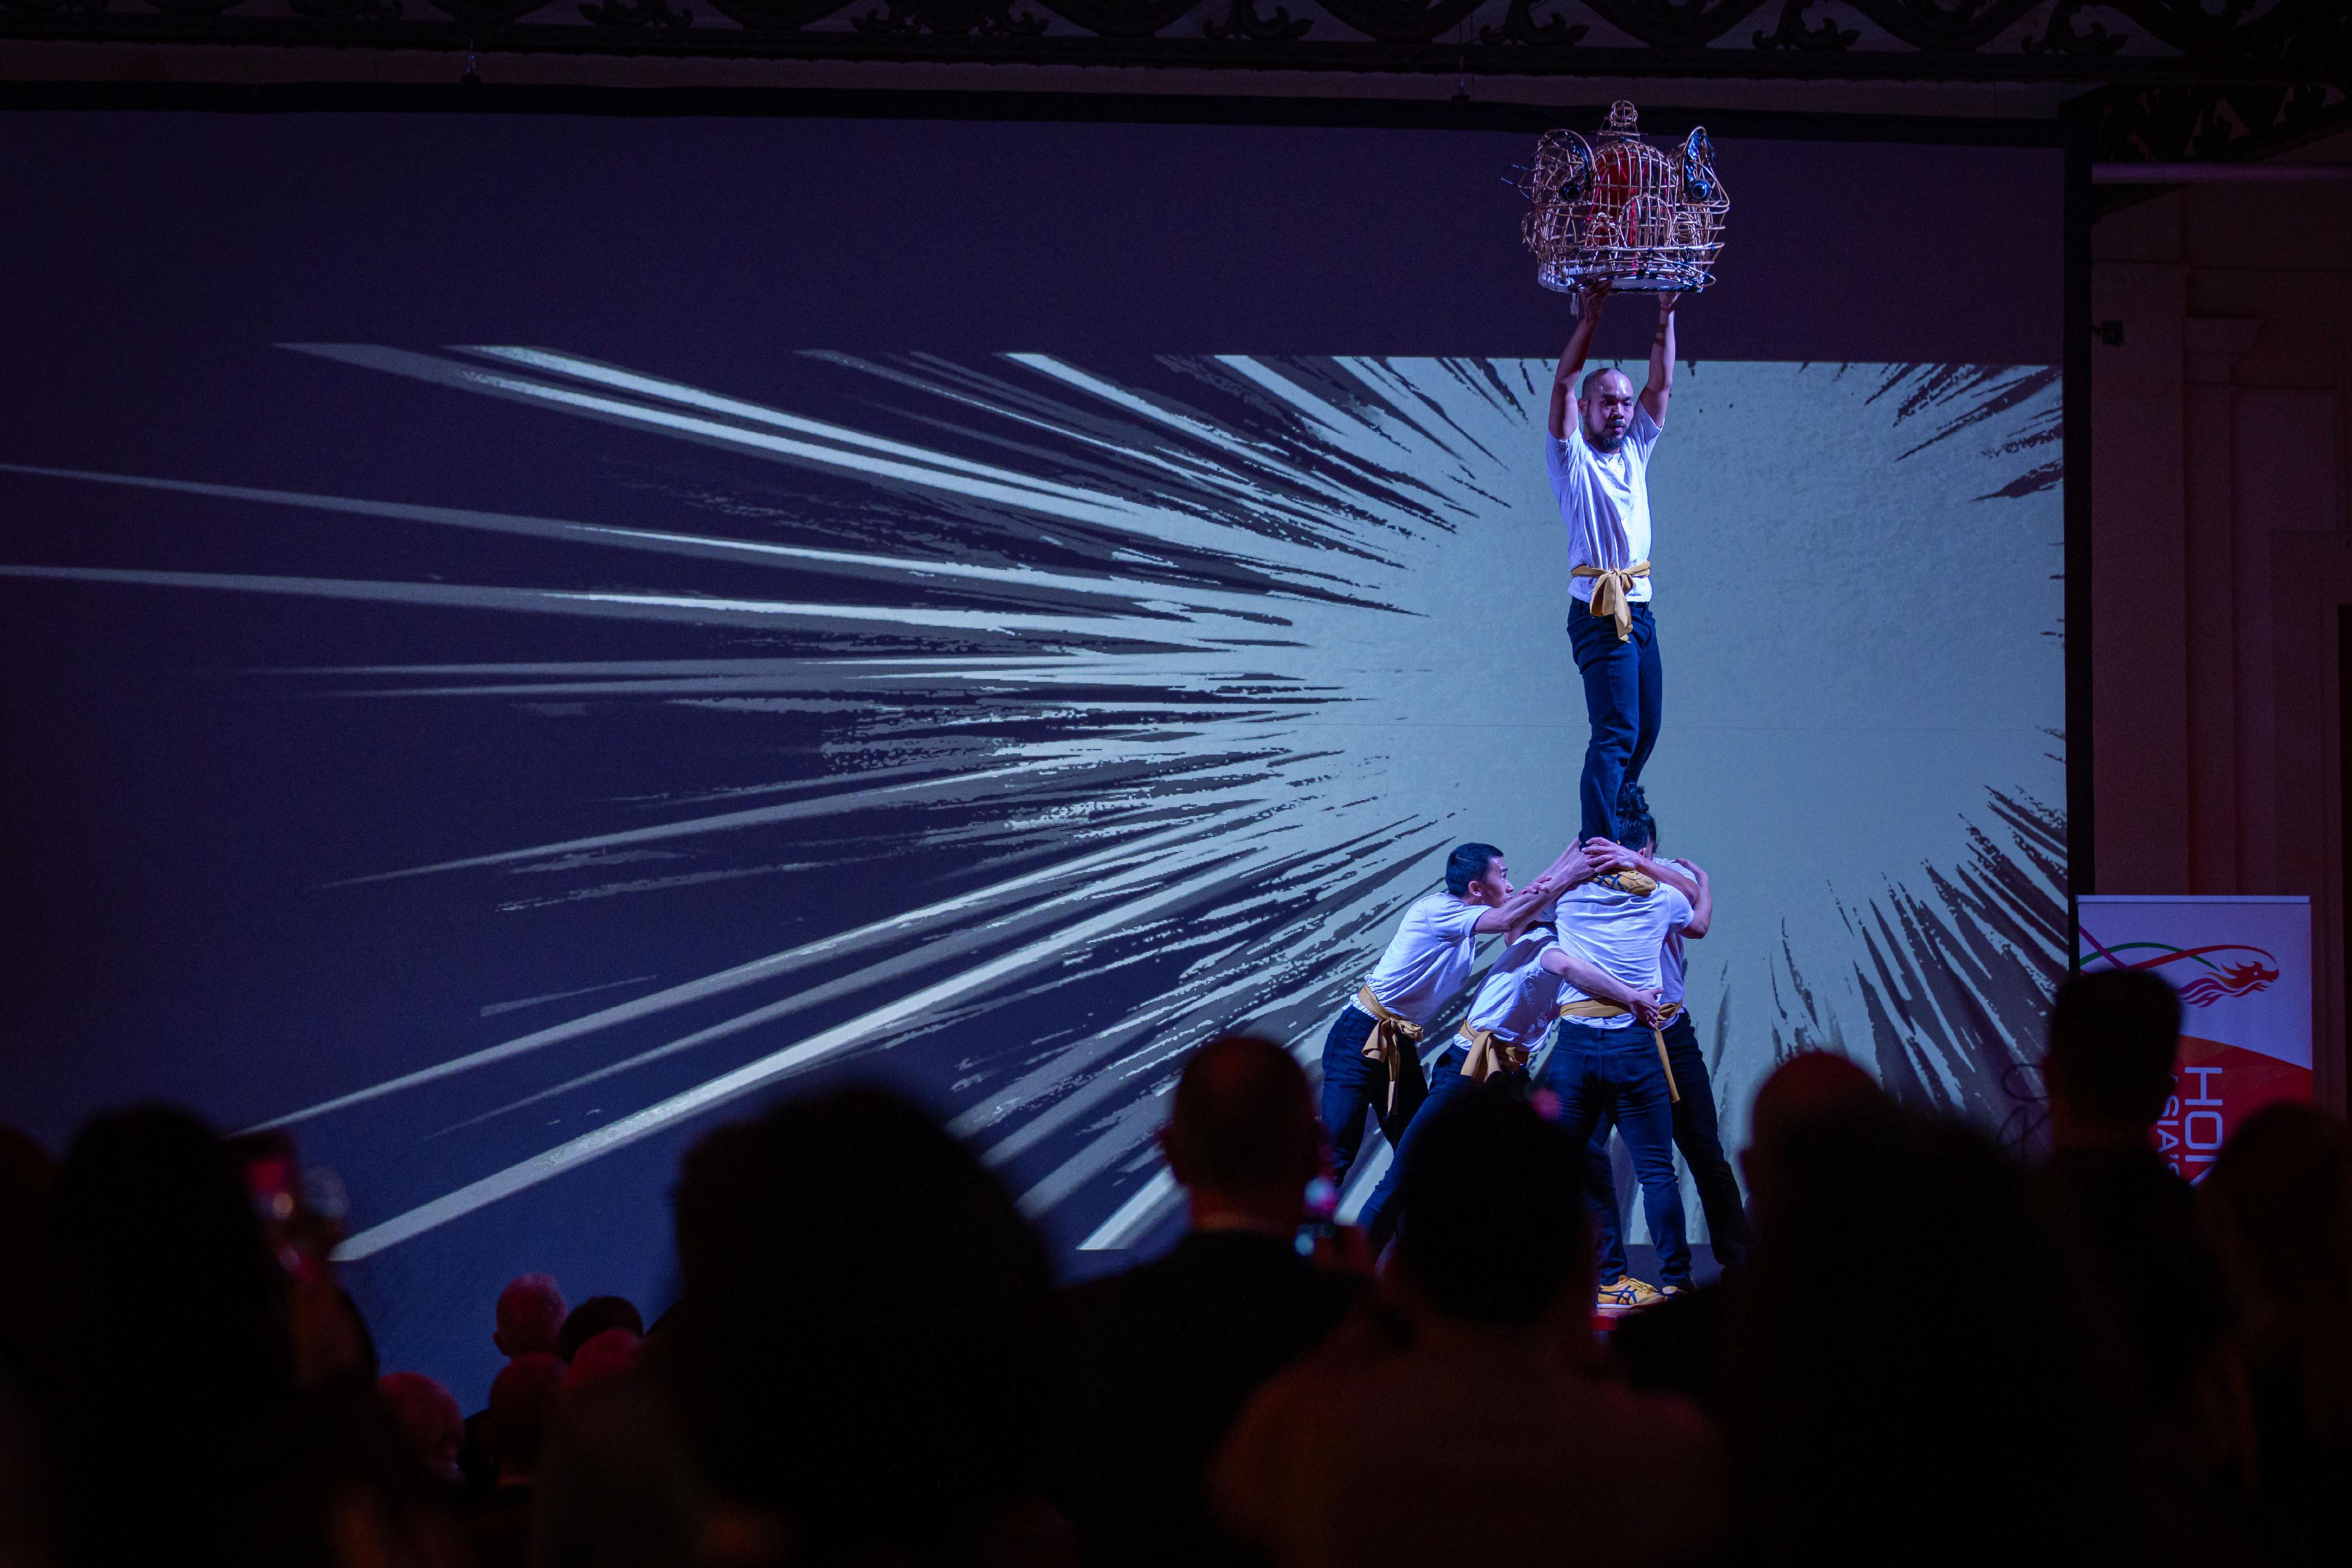 二月二十日（布魯塞爾時間）在比利時布魯塞爾舉辦的新春酒會上，TS Crew舞團表演以龍為主題的舞蹈《Convergence: MovINK Dragon》。呼應舞蹈動作並配以視覺和聲音效果的動畫則由動漫創作人葉偉青創作及導演。整場演出由香港藝術中心（動漫基地）策劃及製作。
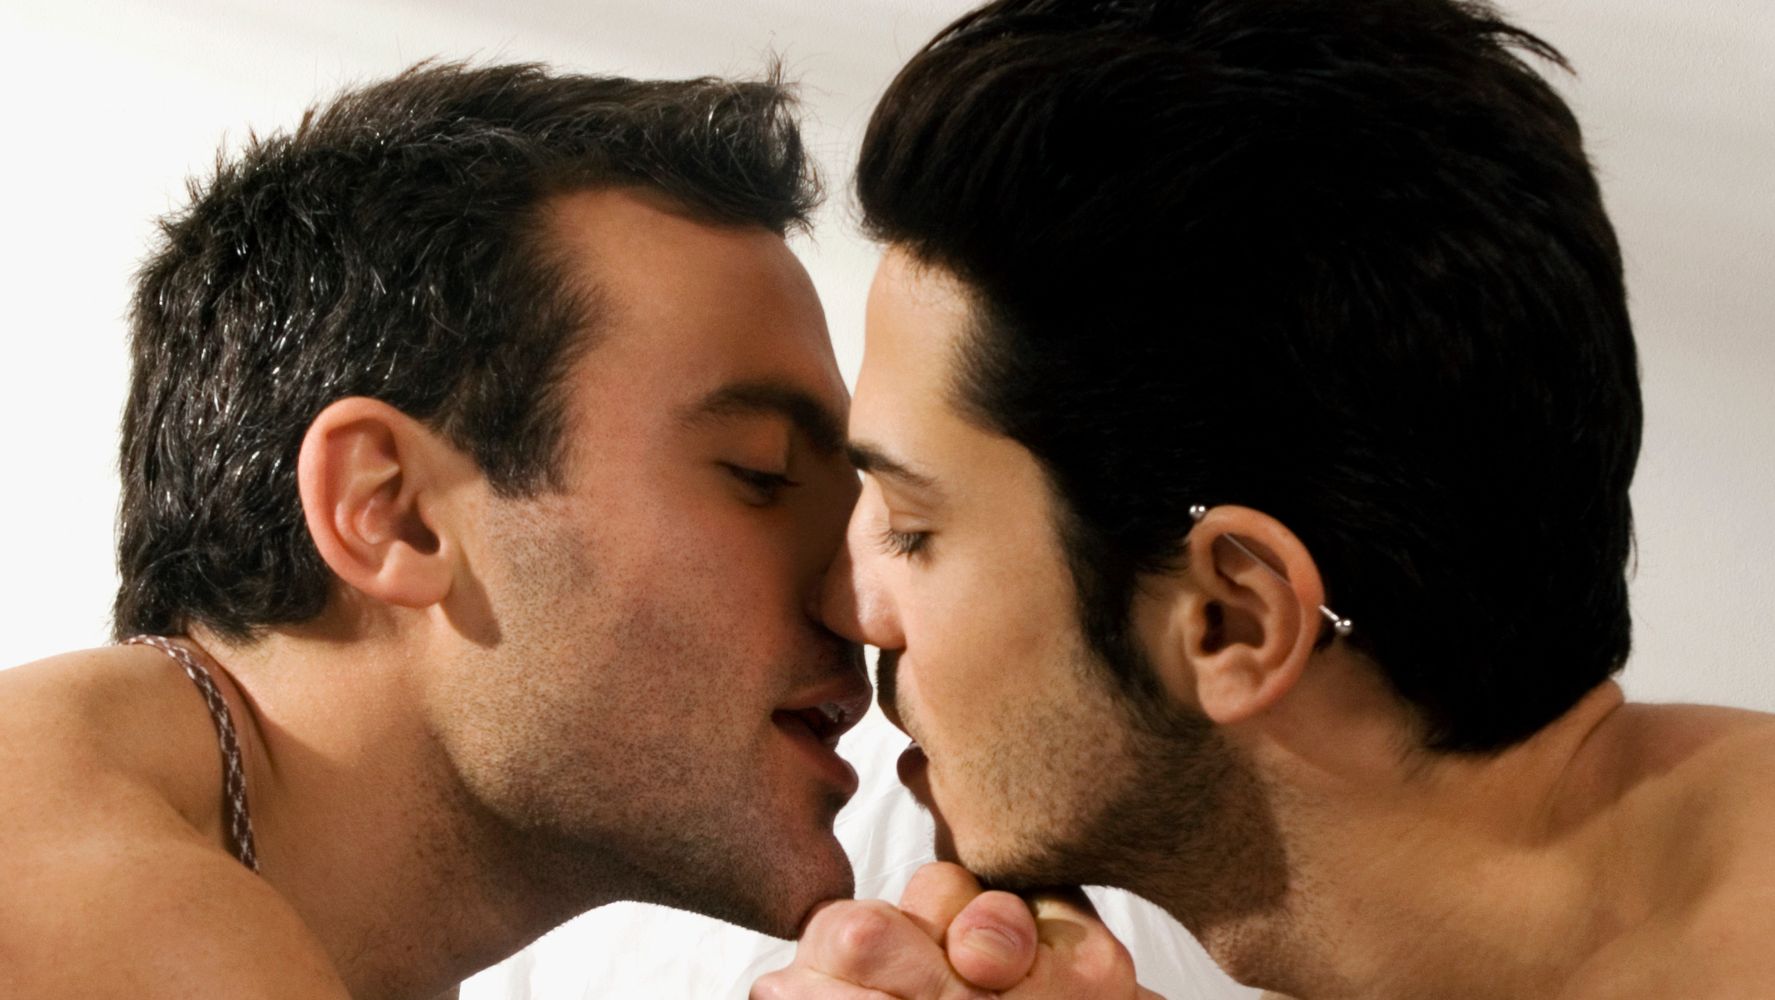 Is brad rutter gay - 🧡 Shirtless Men On The Blog: Brad Kalvo & Tyler M...
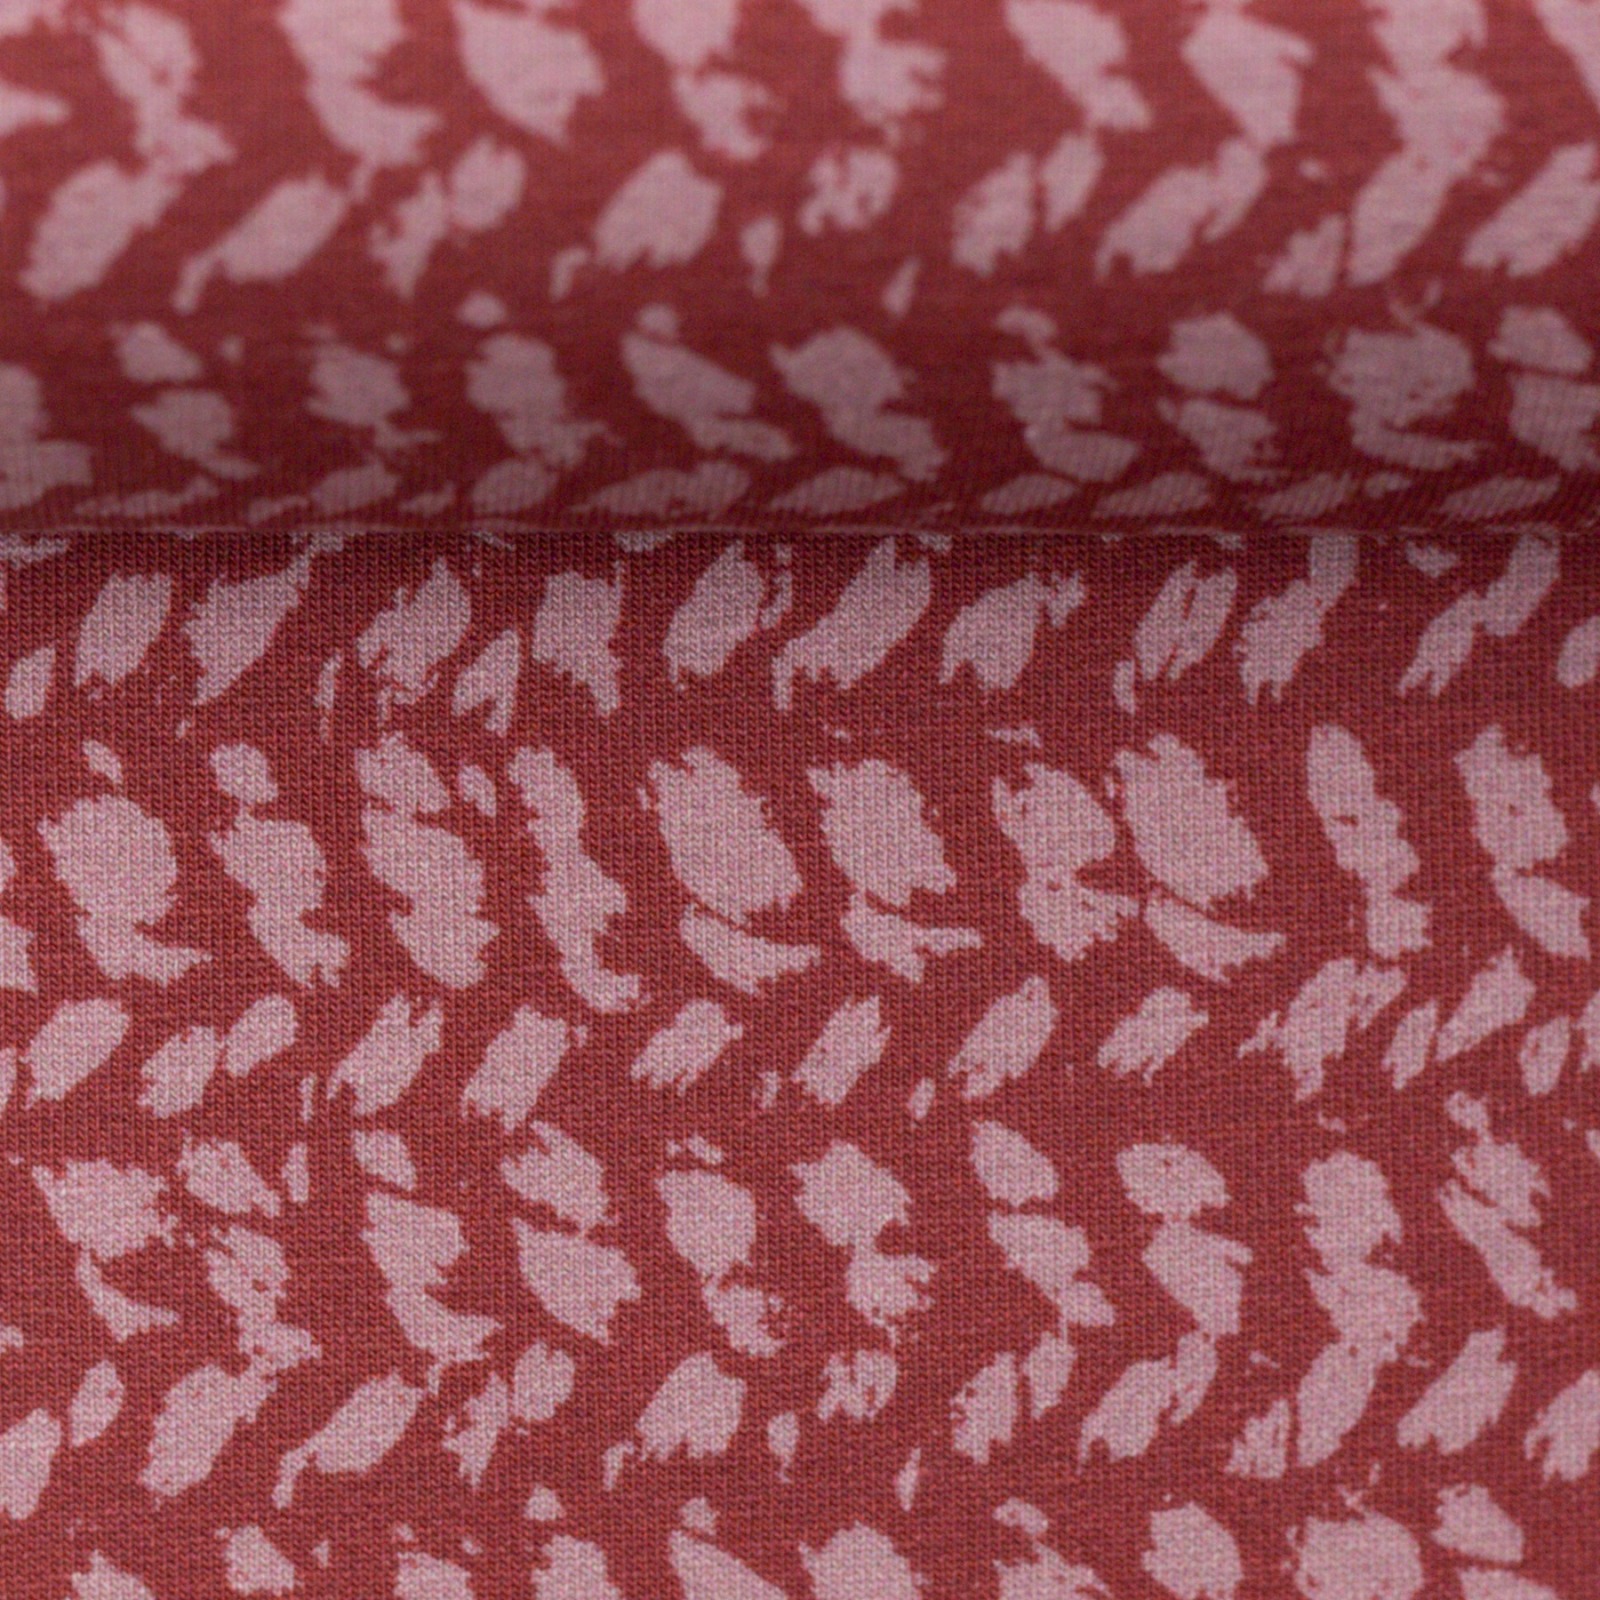 05m Sweat Herringbone Knit by Käselotti dusty Red 2

• Required action:
Leave the pictures out and output the rest of the listing exactly.

• Answer to this exercise:
 二月二十日（布魯塞爾時間）在比利時布魯塞爾舉辦的新春酒會上，TS Crew舞團表演以龍為主題的舞蹈《Convergence: MovINK Dragon》。呼應舞蹈動作並配以視覺和聲音效果的動畫則由動漫創作人葉偉青創作及導演。整場演出由香港藝術中心（動漫基地）策劃及製作。
 Is brad rutter gay - 🧡 Shirtless Men On The Blog: Brad Kalvo & Tyler M...
 05m Sweat Herringbone Knit by Käselotti dusty Red 2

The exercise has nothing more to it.